就業規則は会社(使用者)と従業員(労働者)との雇用契約関係についてのルールブックといえるものですが、その整備が万全にされているケースは極めて稀であるという印象です。
今回は就業規則作成の基本と注意点について弁護士の目線から解説をしていきます。

就業規則とは?

就業規則とは、会社と従業員との間の労働条件の具体的内容や従業員が業務を行う上で守るべき規律等をまとめた規則集のことをいいます。
就業規則は、職場に数多く存在する従業員の労働条件等を画一的に定めるものであり、個々の従業員との間で取り交わされる雇用契約書を補完(場合によっては修正)する役割を担います。

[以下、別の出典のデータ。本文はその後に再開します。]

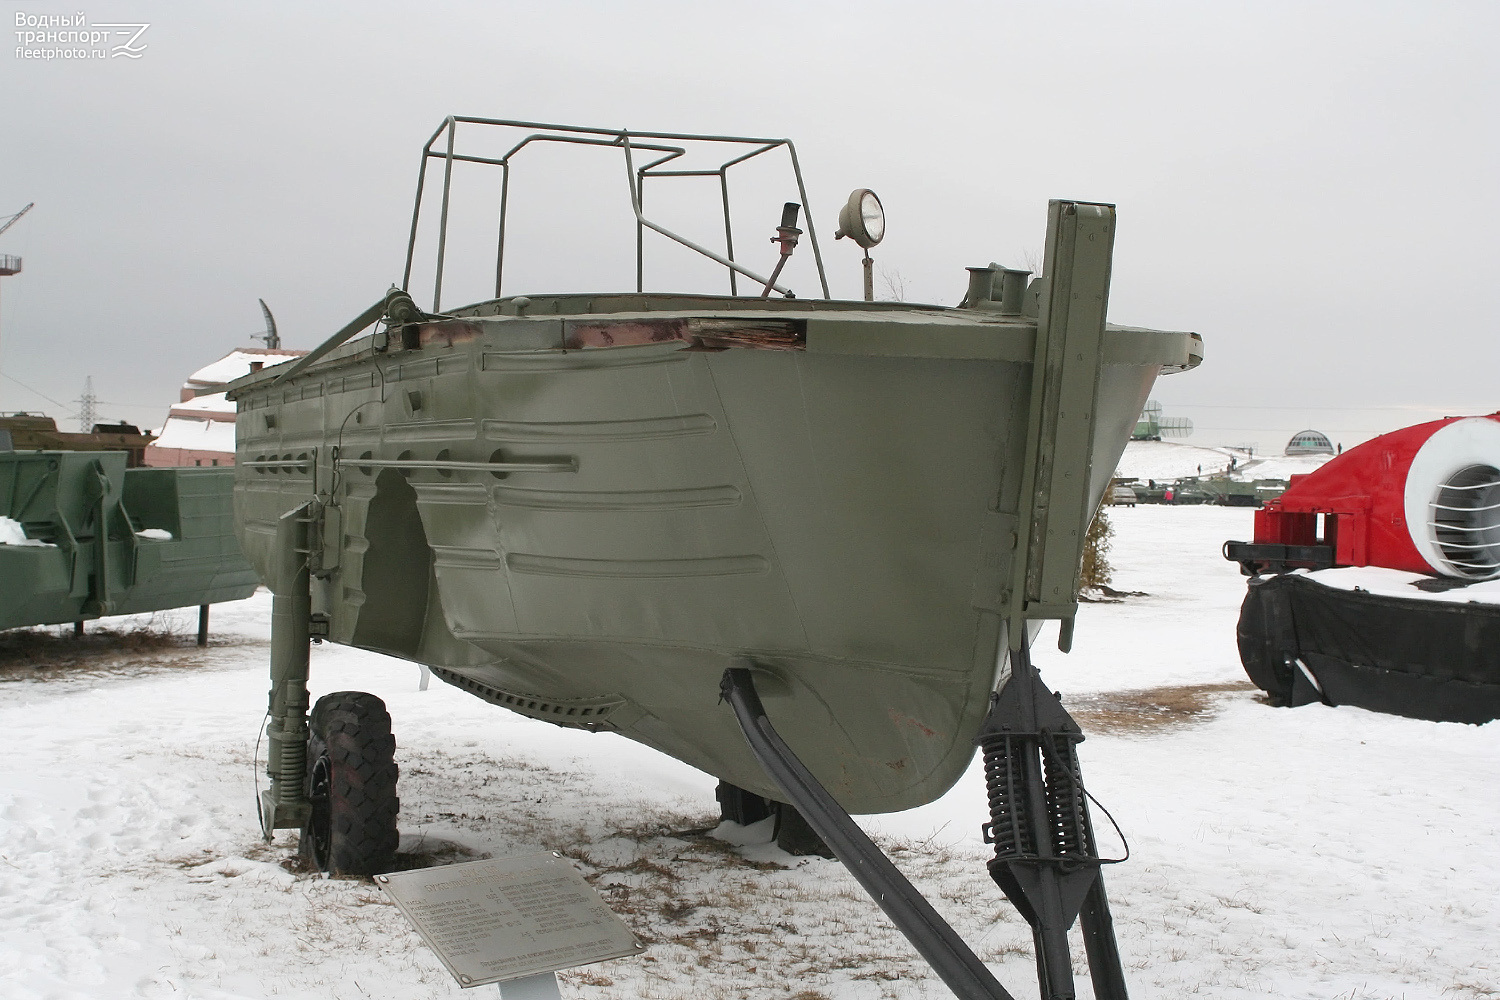 Неопознанное судно - тип БМК-130, БМК-130М, БМК-130МЛ. Волжский бассейн

就業規則のあり方については、会社で定めるすべての規則を1冊の就業規則としてまとめてしまう場合、賃金や退職金といった重要な項目に関して基本となる就業規則とは別に賃金規程・退職金規程を作成する場合、従業員の雇用形態によって正社員用の就業規則、パート・アルバイト用の就業規則を作成する場合など様々なバリエーションがあり得ます。
いずれの形態をとる場合でも、従業員の労働条件等に関する規則の全体が就業規則と認識されますので、個々の規則の名称等はあまり重要ではありません。

すべての会社が就業規則を作成しなければならないのか?

法律上、すべての会社が就業規則の作成義務を負うわけではありません。
労働基準法は、「常時10人以上の労働者を使用する使用者は就業規則を作成し、行政官庁に届け出なければならない」と定め、一定の規模を超える会社に就業規則の作成義務を課しています。

ここでいう「10人以上の労働者」は正社員以外の社員の人数を含めて判断されるため、正社員は少ないがパート・アルバイト社員が多いという会社についても就業規則を作成する必要があります。

作成義務を課されていない会社は就業規則を作成しなくてよいのか?

労働基準法の定めに従えば、常時10人以上の労働者を使用しない使用者は就業規則を作成する義務はないということになります。
しかし、会社と従業員との間の労働条件等について雇用契約書に網羅的に盛り込むことは現実的ではなく、仮に、就業規則を作成しないとすれば、会社と従業員との間で明確な定めのない労働条件が多く残るということになります。

会社と従業員との関係性が良好であるうちは曖昧な状態になっている労働条件等についてトラブルになることは少ないと思いますが、会社と従業員との関係性が悪化した場合や会社が従業員に対して従業員の不利益に働きうる行動をとろうとする場合、就業規則を作成していないことが会社にとってマイナスに作用することになります。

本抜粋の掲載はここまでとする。